Department(s) Physics and Physical Chemistry of Foods
Publication type Refereed Article in a scientific journal
Publication year 2016
Keyword(s) Recoverable energy - network structure - disruption - ovalbumin - activation energy - fine-stranded
Abstract The aim of this study was to relate the activation energy of the disruption of ovalbumin networks to elastically stored energy (i.e. recoverable energy, RE) obtained from mechanical deformation tests. To this end, heat-set ovalbumin gels were prepared at a fixed volume fraction and pH, but varying incubation temperatures. The activation energy required to disrupt the gels was derived from the Arrhenius equation. Increasing incubation temperature from 65 to 95 °C during gel formation resulted in a gradual increase in the activation energy up to a factor of ∼ 8. Gels obtained at or just below the protein denaturation temperature of around 75 °C had significantly lower recoverable energy (RE). These latter gels also had lower fracture stress and strain. At incubation temperatures above 70 °C RE was constant around 75 %, although a steady increase in activation energy was observed. This demonstrates that storing energy in a protein network is not directly related to the interactions that make up the network. A combination of electron microscopy, water holding, and stress relaxation experiments were performed to study the different energy dissipation modes.
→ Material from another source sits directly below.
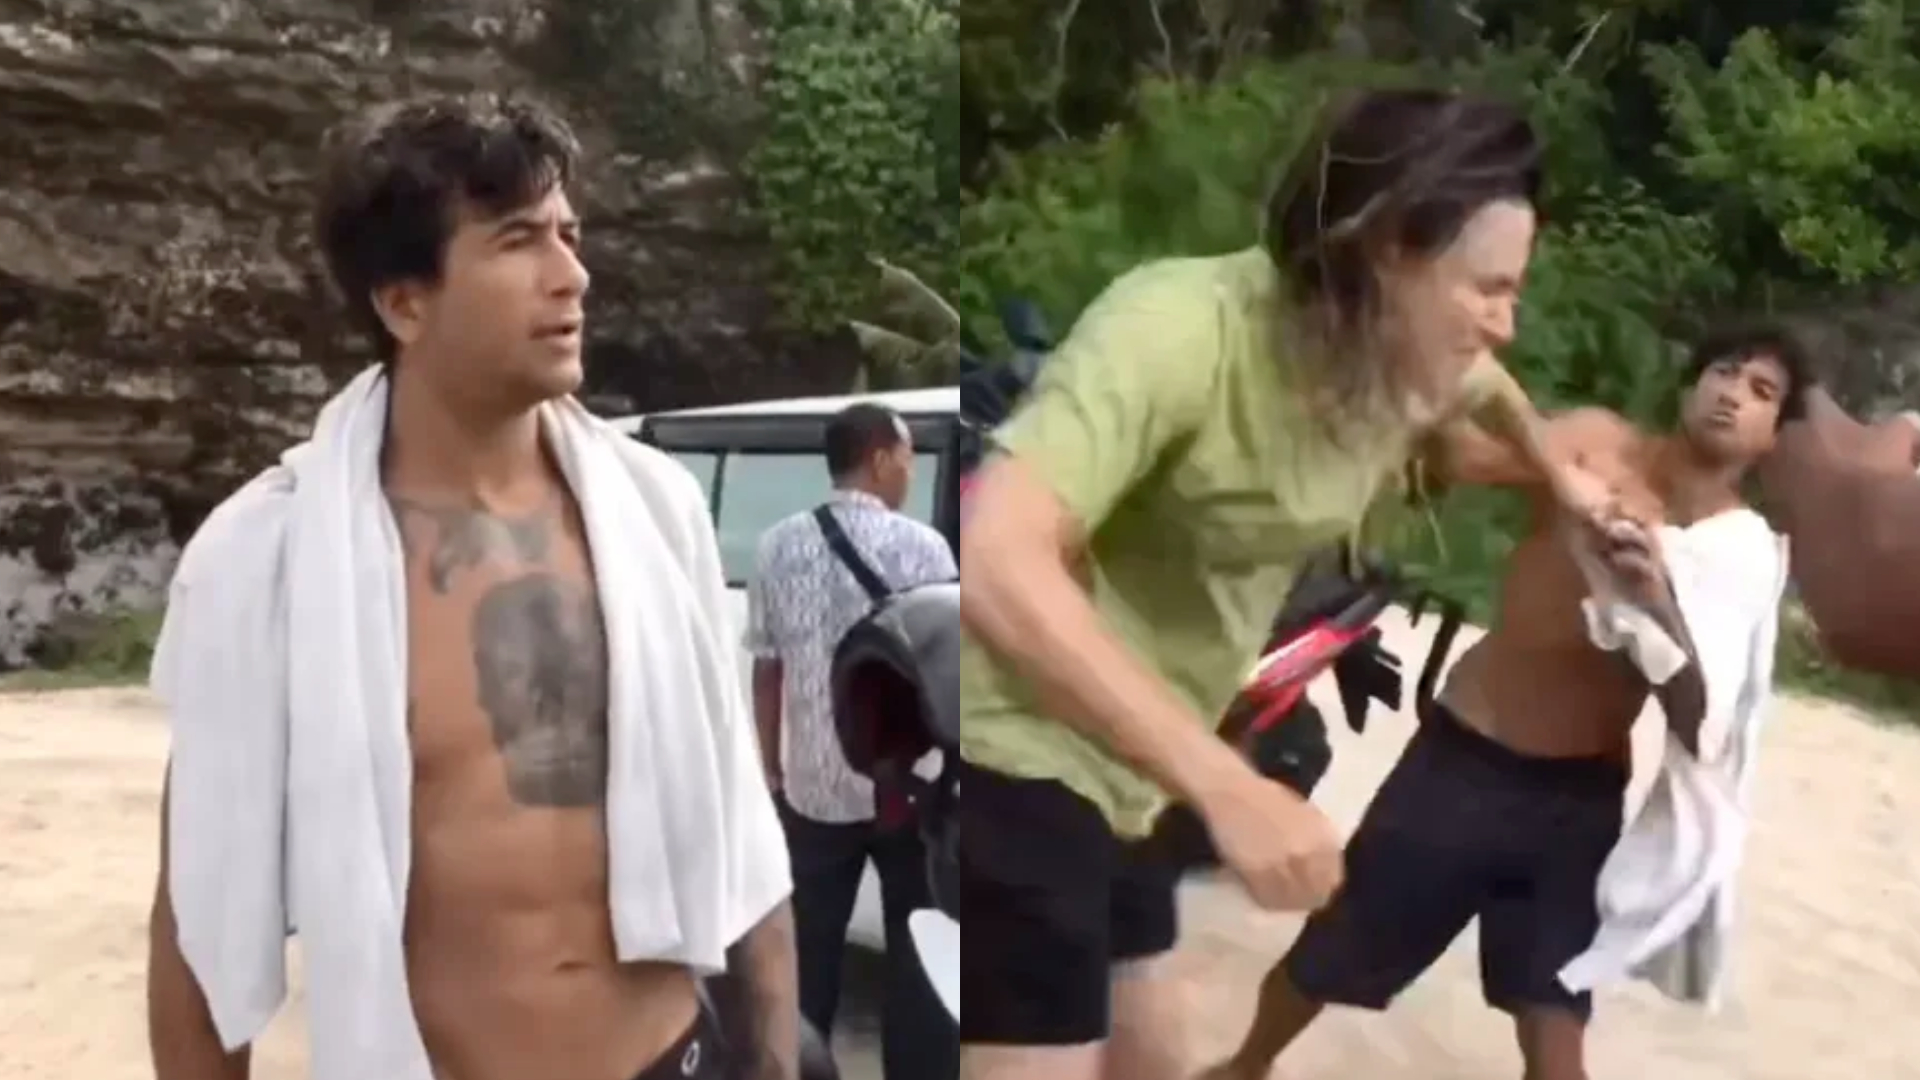 Globo mostra novos vídeos de surfista batendo em mulher: ‘Você é igual homem’; Ex-namorada dele revela agressões

It was shown that different dissipation modes for various gels were comparable, and this explains why the RE was similar, with the exception of gels prepared at lower incubation temperatures where (micro) fracture events could have occurred that lowered the RE. These results suggest that RE is not a network characteristic related to microstructural or smaller length scale interactions, but the result of various material-related energy dissipation mechanisms.